Braking is similarly impressive, with the standard 19-inch wheels providing room for four cross-drilled and vacuum-ventilated discs with ABS. Fuel gets consumed about as quickly as expected, with the trip computer reporting between 12mpg and 13mpg during our week's driving, against the EPA estimates of 12mpg in the city and 18mpg highway. Your $94,965 also therefore includes a (deep breath) $3,700 gas guzzler tax, so you might as well enjoy it, right? BMW provides the usual array of standard safety features to protect the occupants in the event of a mishap. No government crash-test ratings are available for the M5. Front dual-stage dual-threshold "smart" airbags with passenger detection are standard, as are door-mounted front side airbags and a front and rear head-protection system. An interlocking door anchoring system provides extra protection against side impacts. In a serious impact, major electrical components are disconnected from the battery, the hazard and interior lights are activated, and the doors are unlocked.

Park-distance control is standard, showing BMW's usual overhead pictogram of the car with auditory warnings and glowing onscreen zones indicating the general position of objects behind. With the navigation system standard on the M5, BMW could also pair the monitor with a real rear-facing camera, but this system is mostly effective and can be configured a bit with iDrive or switched off completely with a dashboard button.
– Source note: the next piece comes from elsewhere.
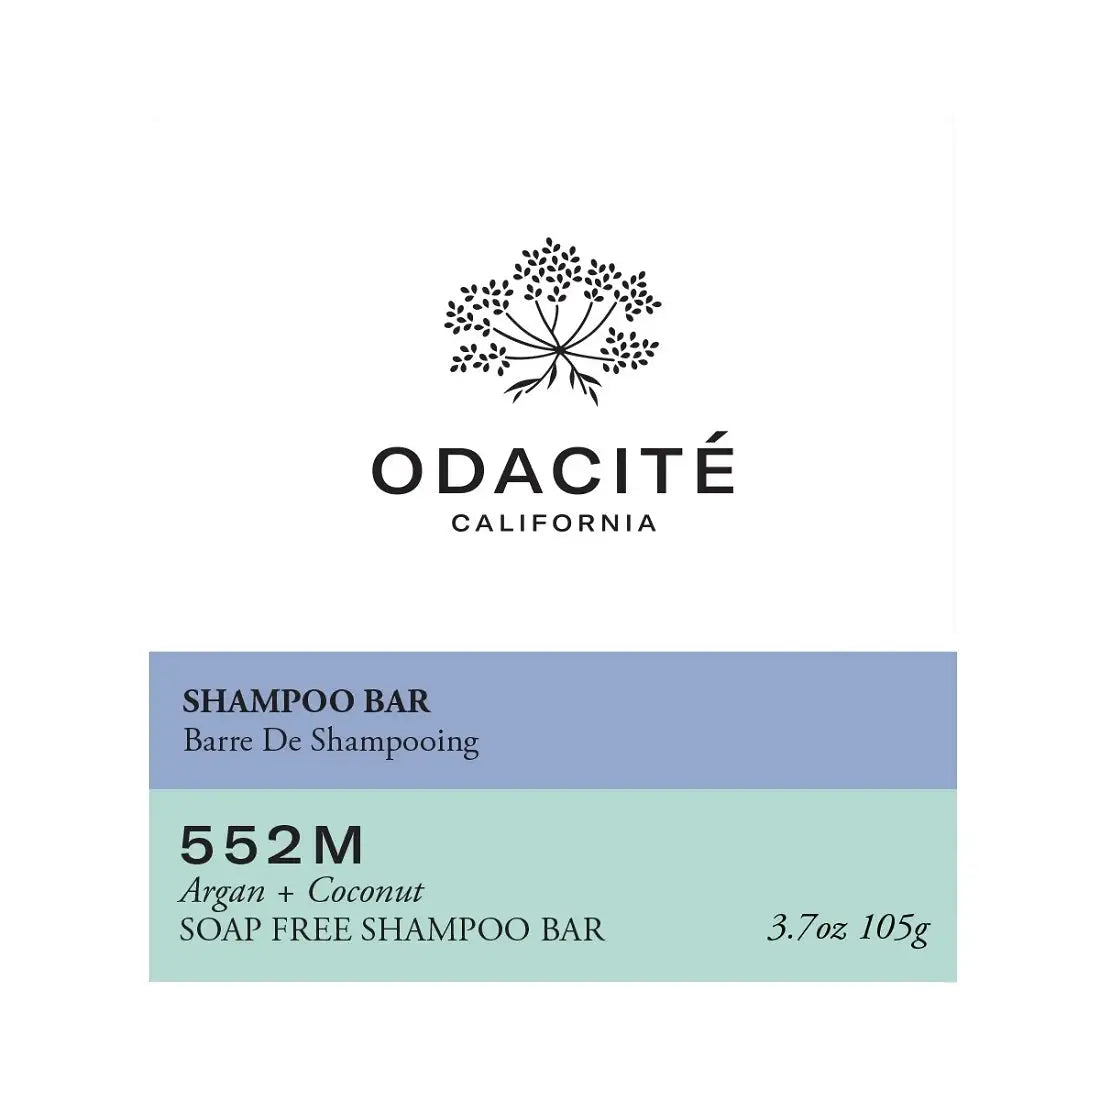 Odacite 552M Argan + Coconut Soap Free Shampoo Bar 105g
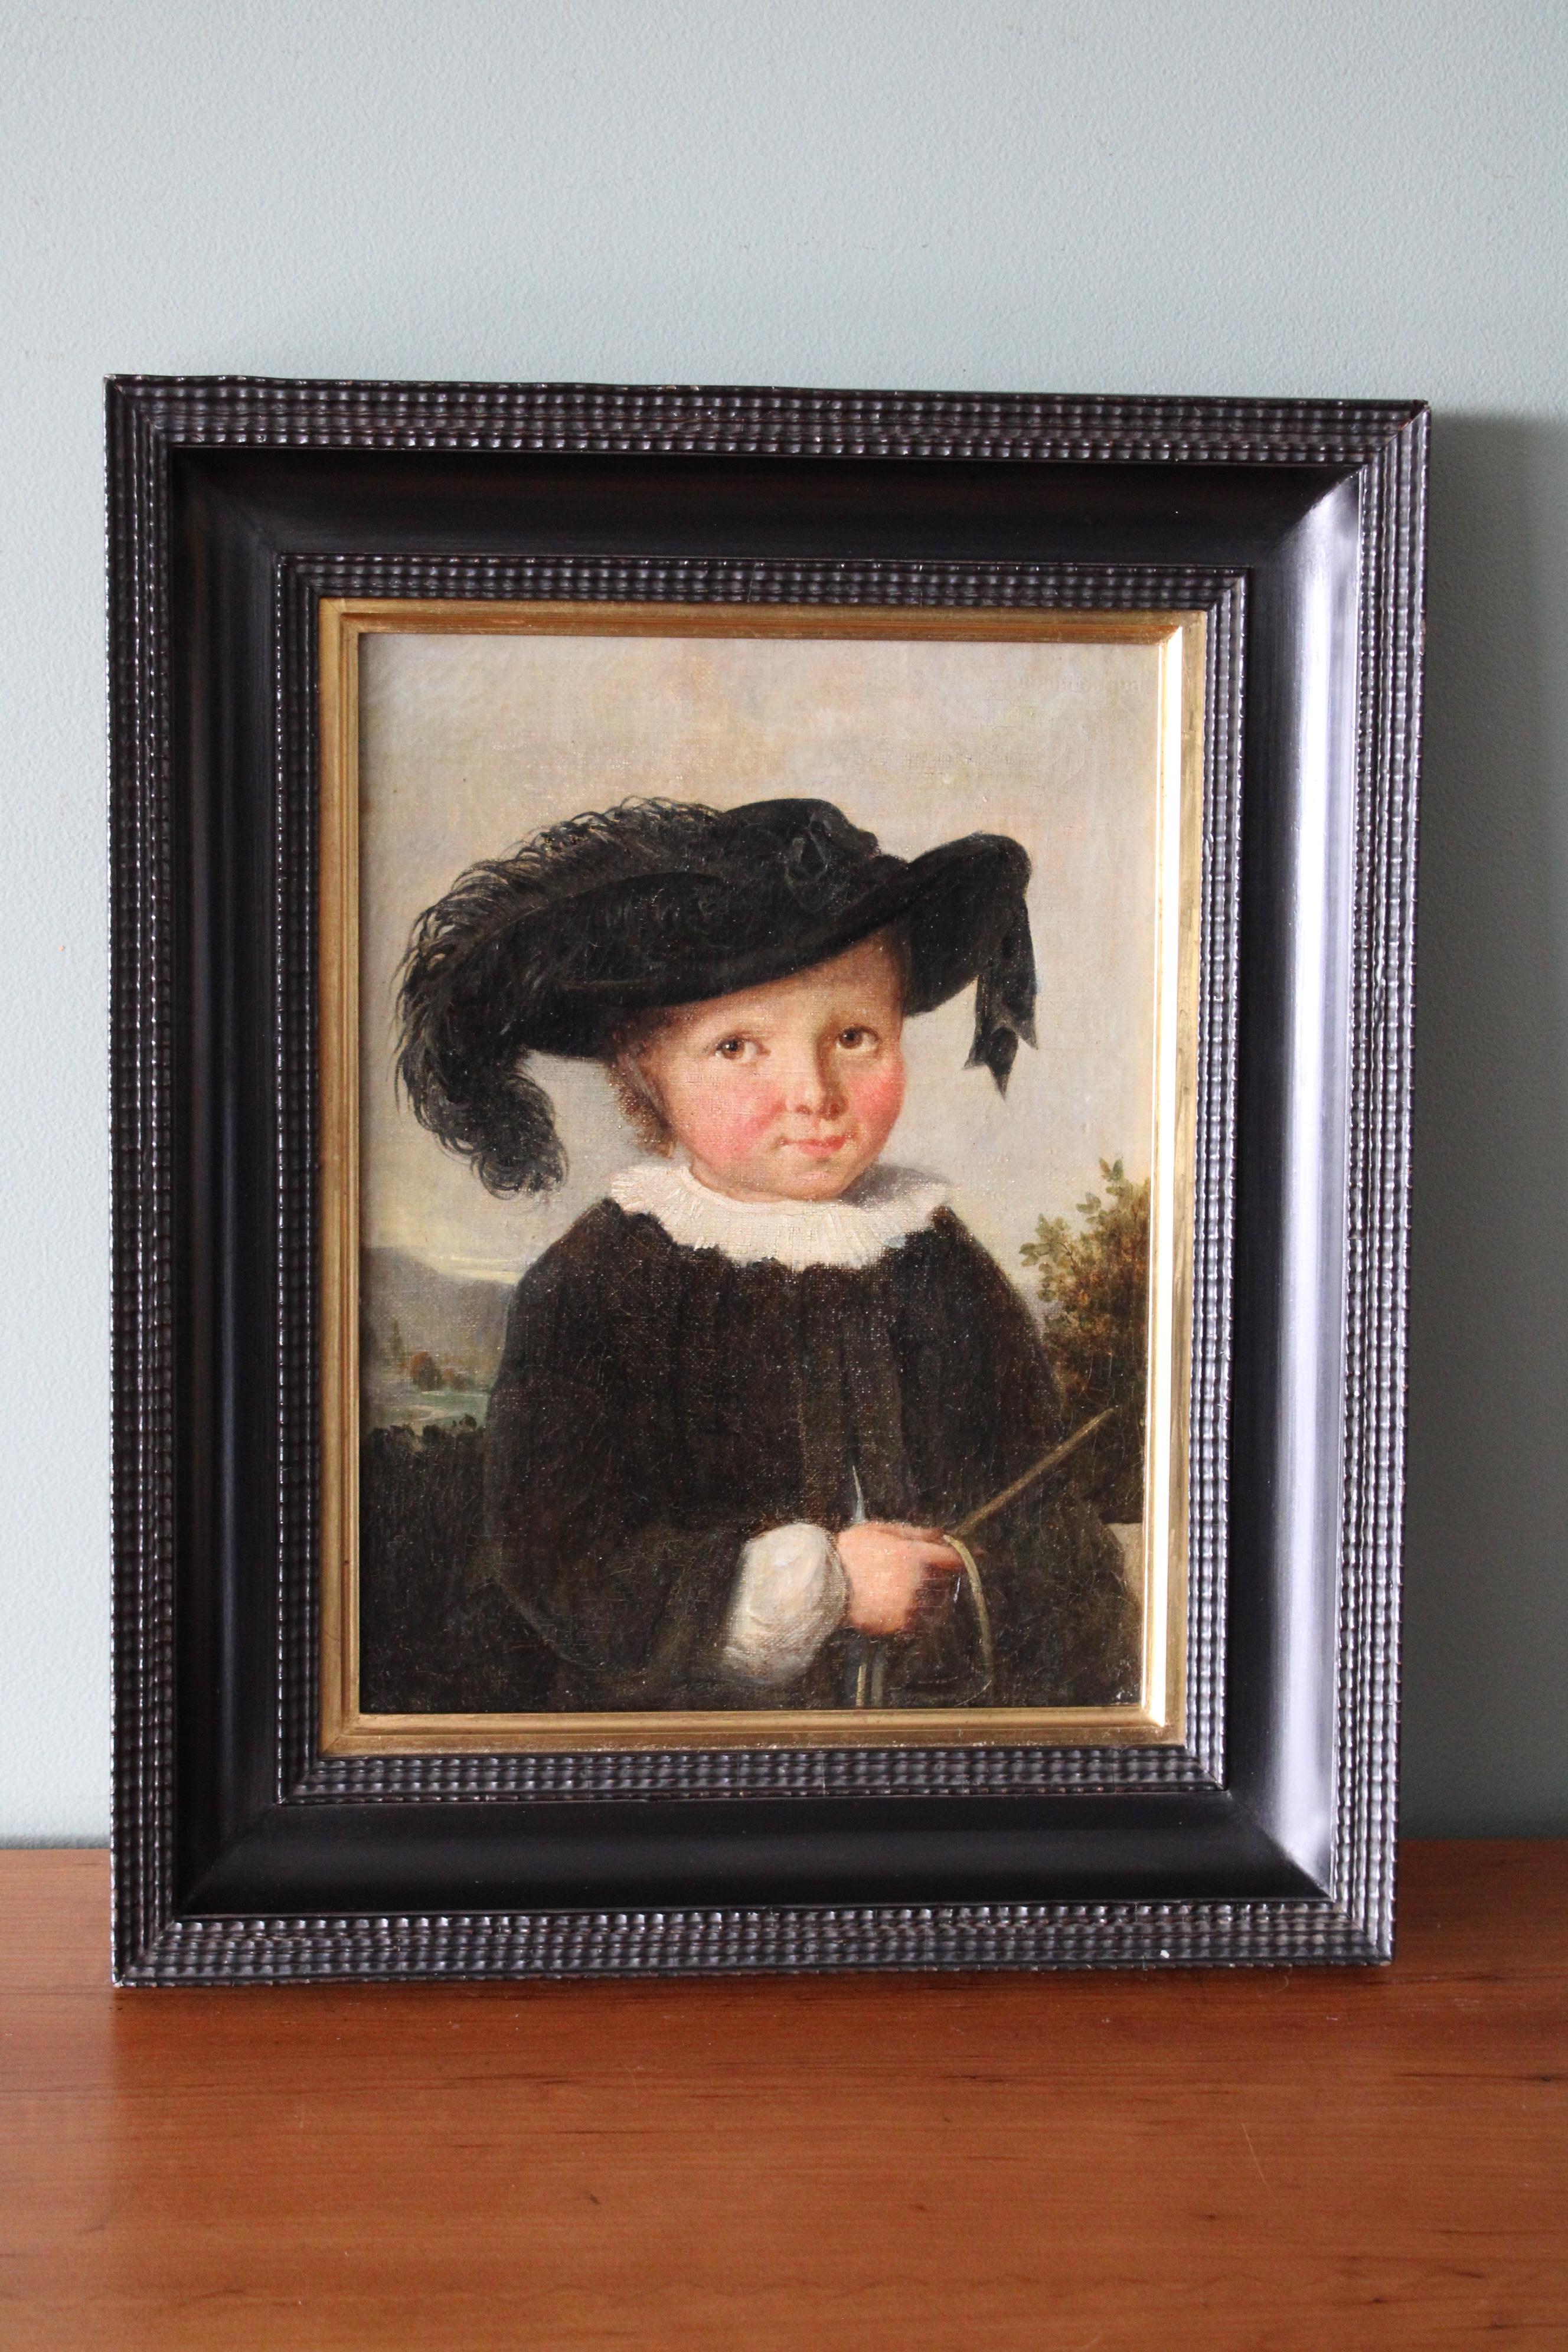 Portrait antique à l'huile du début des années 1800 d'un enfant coiffé d'un chapeau de plumes noires sur une toile tendue, encadré, non signé. Cette peinture à l'huile d'un enfant est vraiment exceptionnelle, elle me rappelle le tableau de Camille

The M5 comes with BMW's latest color-coded park-distance control interface as standard.

Dynamic stability control, an all-season traction system and a variable differential lock improve handling and assure grip in bad weather conditions. Antilock brakes are standard, with adaptive brake lights that light up more brightly under sudden heavy braking. Adaptive autoleveling headlights and rain-sensing wipers, which impressed us in our test of the 550i, are also standard. A tire-pressure monitoring system alerts the driver to drops in psi at each corner and is calibrated via iDrive.

BMW offers its usual four-year/50,000 mile warranty on the 2006 M5, extendable by original owners to six years/100,000 miles for mechanical breakdown coverage. Also included for four years or 50,000 miles is all scheduled maintenance and replacement of wear items, though presumably not tires. Rust-through coverage is for 12 years.